Red squirrels navigate trees with ease, running up and down trunks, or along branches, bounding up to 2.4 m (8 ft) through the air from one branch to another to reach different trees, occasionally falling to the ground unscathed. On the ground, they walk or run, and when alarmed, they may attain speeds of 22.5 km/hr (14 mph) for short distances.
Reproduction: The courtship which precedes mating between a pair of red squirrels is brief and relatively unritualized. One to 10 males may pursue a female during her one day estrous period, the dominant male eventually approaching the female while giving quiet vocalizations, and then mounting her. Copulation is brief, but may recur several times before the female becomes aggressive. Some females may mate again with different males. After a gestation period of 36-40 days, the female bears her young in a nest of shredded bark and leaves. A typical litter contains 3-5 young, but can vary from 1-8. Blind, naked, and pink at birth, the young develop slowly, their eyes not opening until 27 days of age. By day 30, they are fully furred, and they begin to venture from the nest. They are weaned soon after. By 9-11 weeks of age, they establish their own territories.
Some females produce litters in both April and August, but others produce just one litter annually during one of these periods. Sexual maturation of the young occurs the winter following their birth. Red squirrels may live 10 years, although 3-5 years is the average life span for adults.
Predators: Raccoons, foxes, bobcats, coyotes, weasels, minks, fishers, hawks, owls, and martens are predators of the red squirrel.
Social Behavior:
  • Social System - Pugnacious, fearless, timid, saucy, curious, and loquacious are terms early naturalists used to characterize the red squirrel. While more descriptive terms are used today, these older words do capture the personality of the red squirrel. The red squirrel is sedentary, solitary, and promiscuous, and defends a territory of 0.4-3.2 ha (1-8 acres). During breeding season, males wander from their territories. While in estrous, a female permits their encroachment on her territory.

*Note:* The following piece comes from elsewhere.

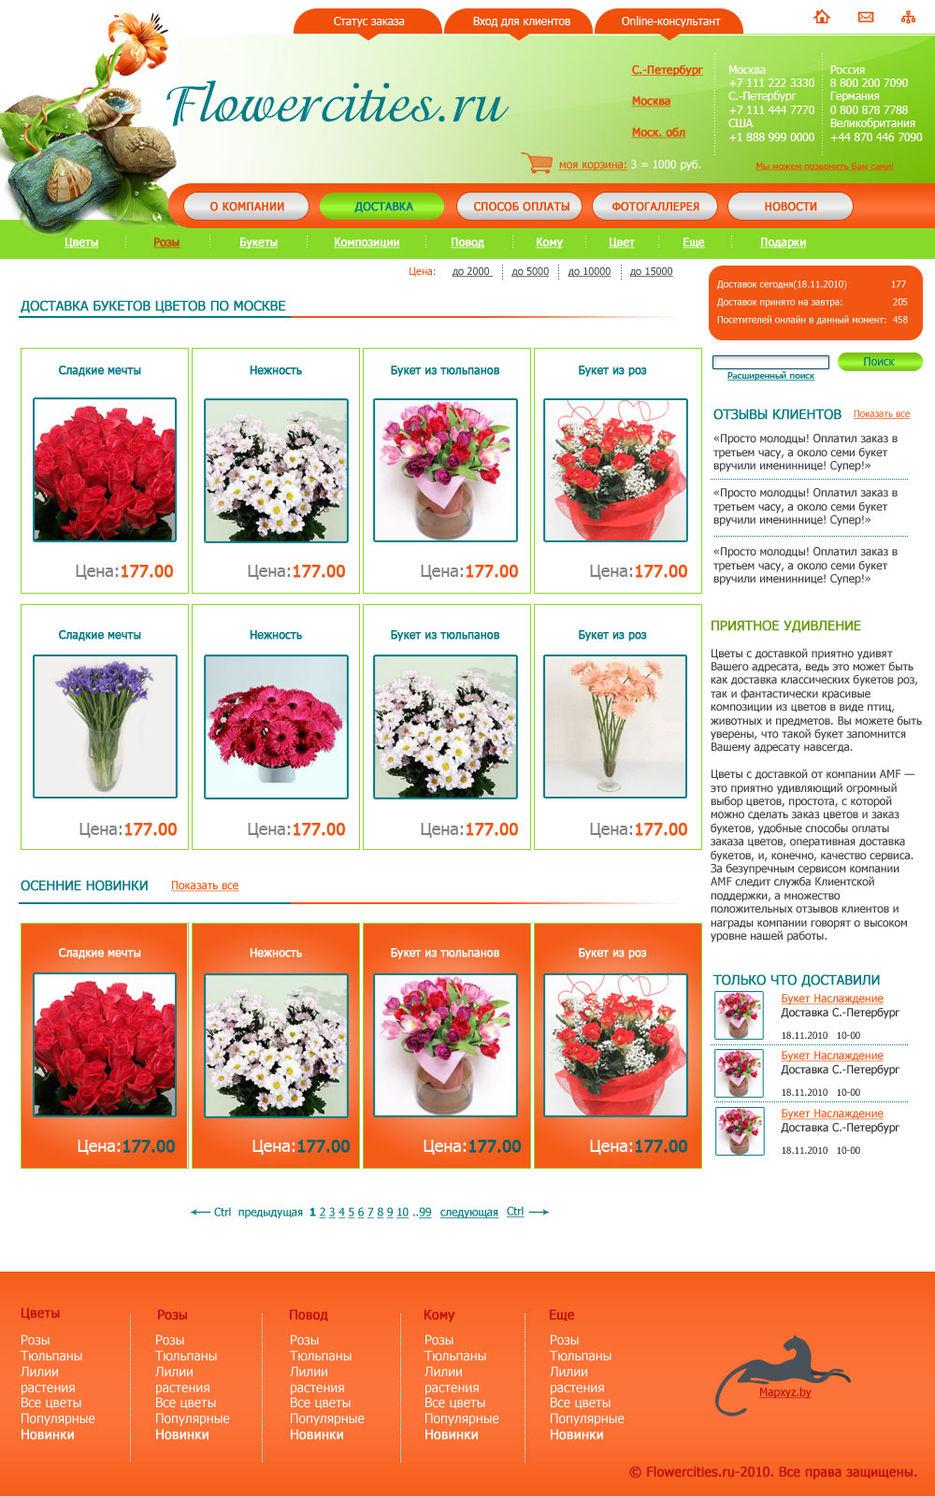 Доставка цветов в москве оплата картой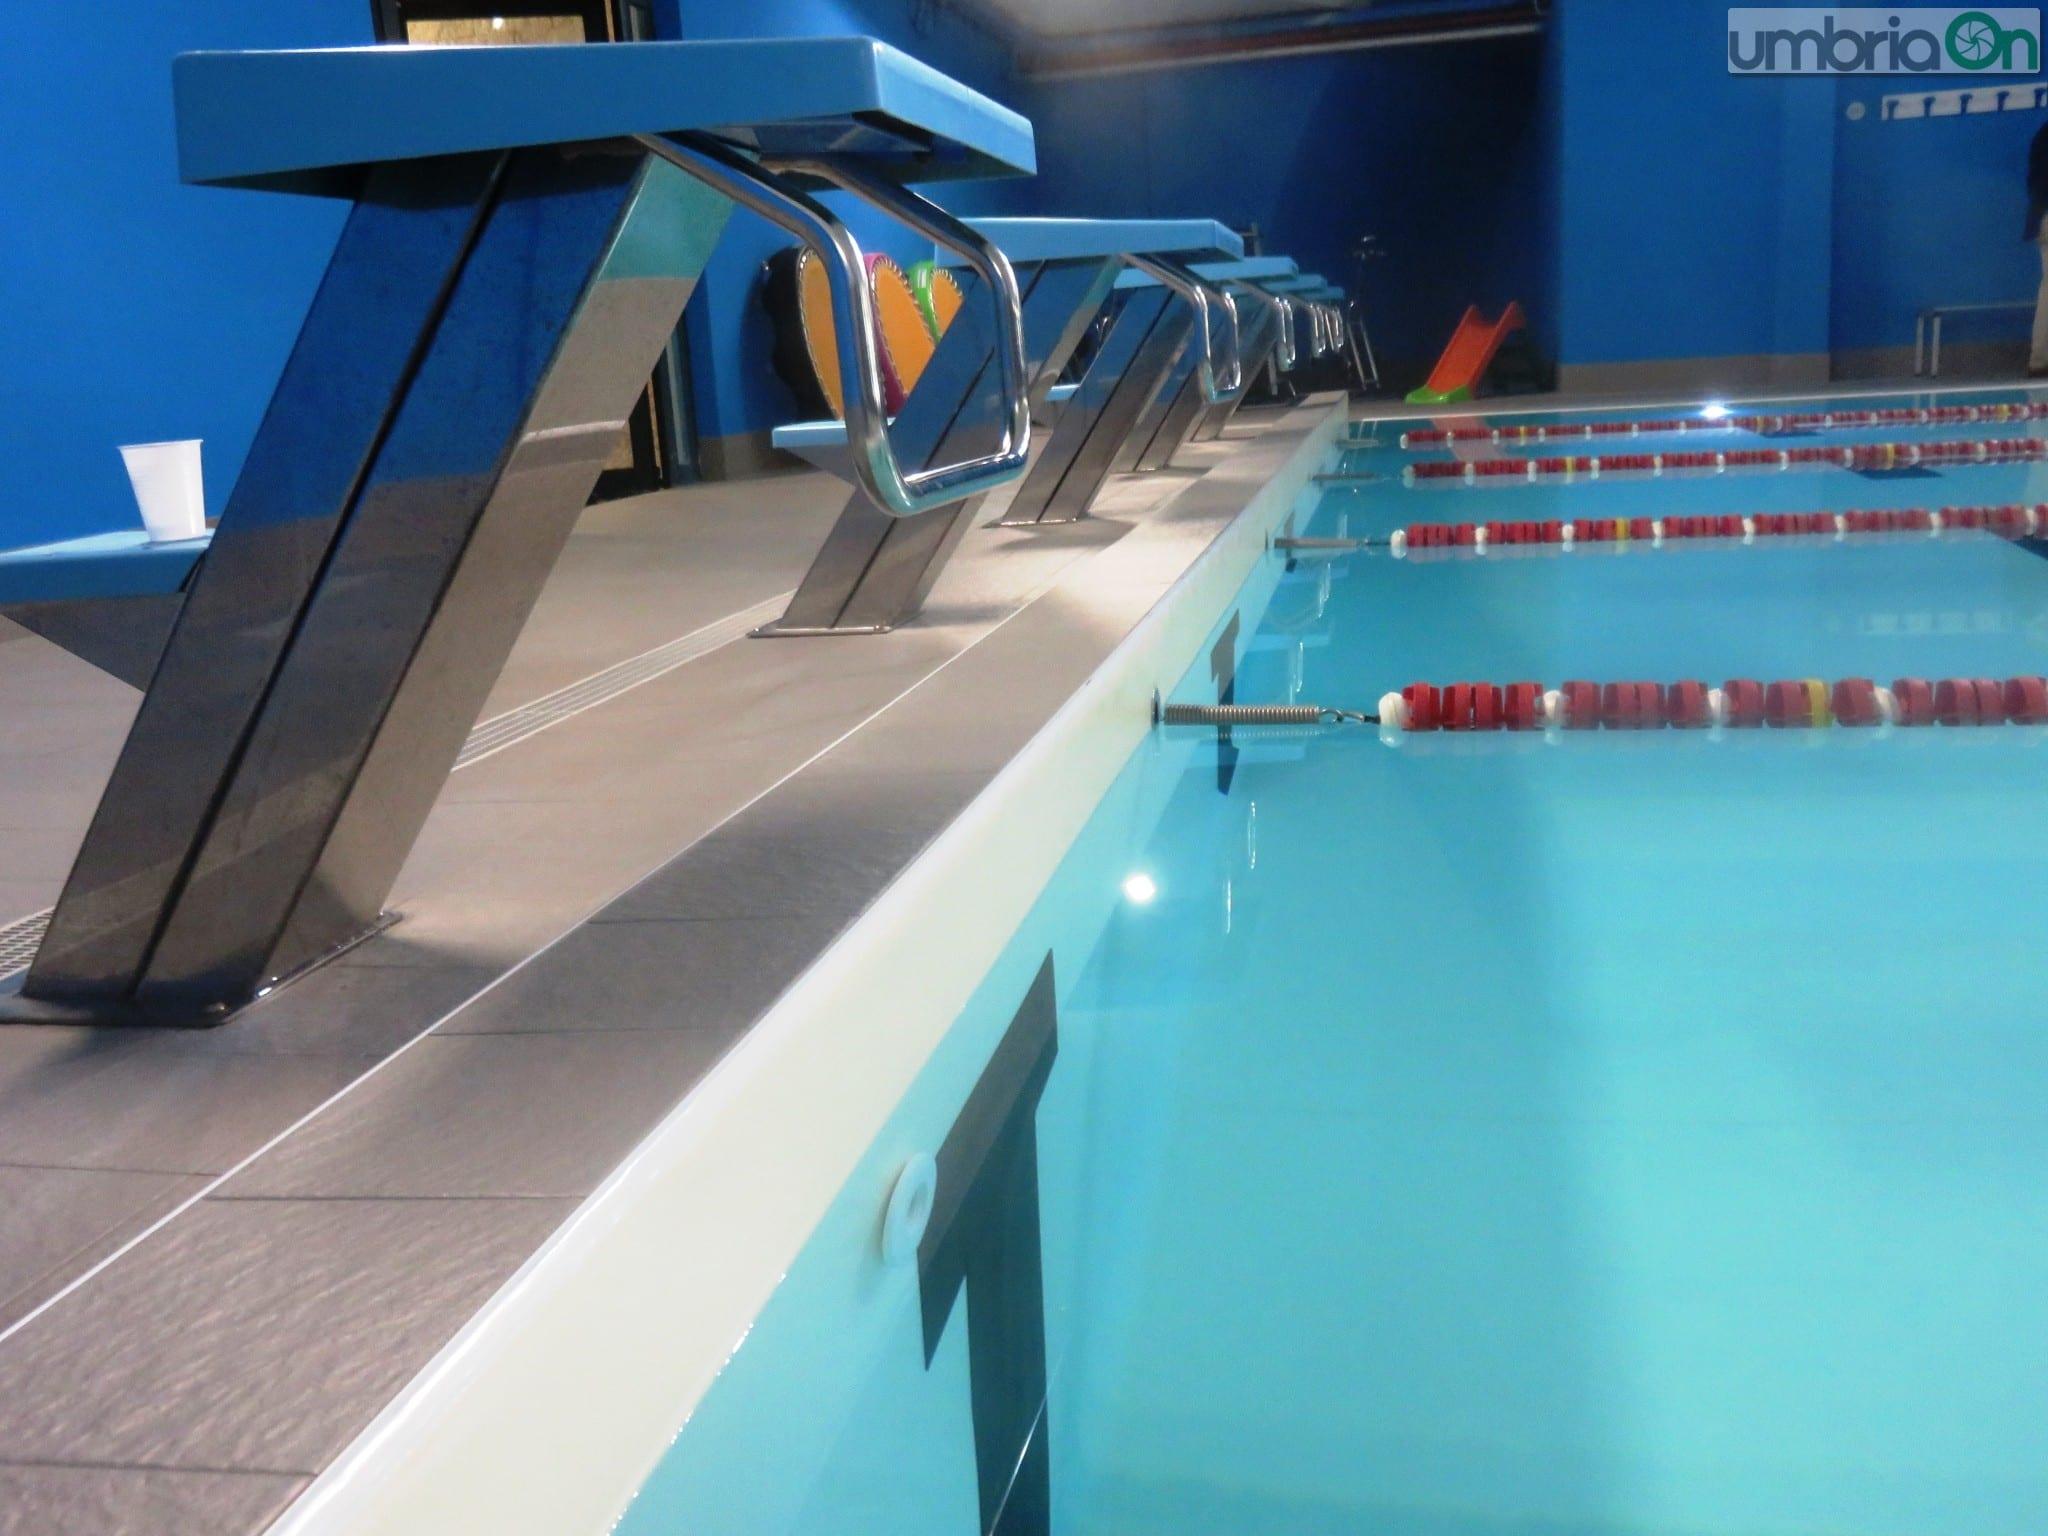 Terni campitello look nuovo per la piscina umbriaon - Piscina campitello terni ...

  • Communication - A resident red squirrel gives a long, rattling buzz, the notes slowing and fading, when another red squirrel enters its territory. At the highest intensity, tail-jerking and foot stamping accompany the call. Neighboring red squirrels may respond with similar calls, producing a chorus. This call functions to advertise an occupied territory and to increase the distance between individuals. A slowly repeated “whuuk” occurs as an alarm call. Motor patterns, posturing, and chemical signals convey information among red squirrels, but are not as specialized as vocalizations, a consequence of the lifestyle amidst concealing conifer.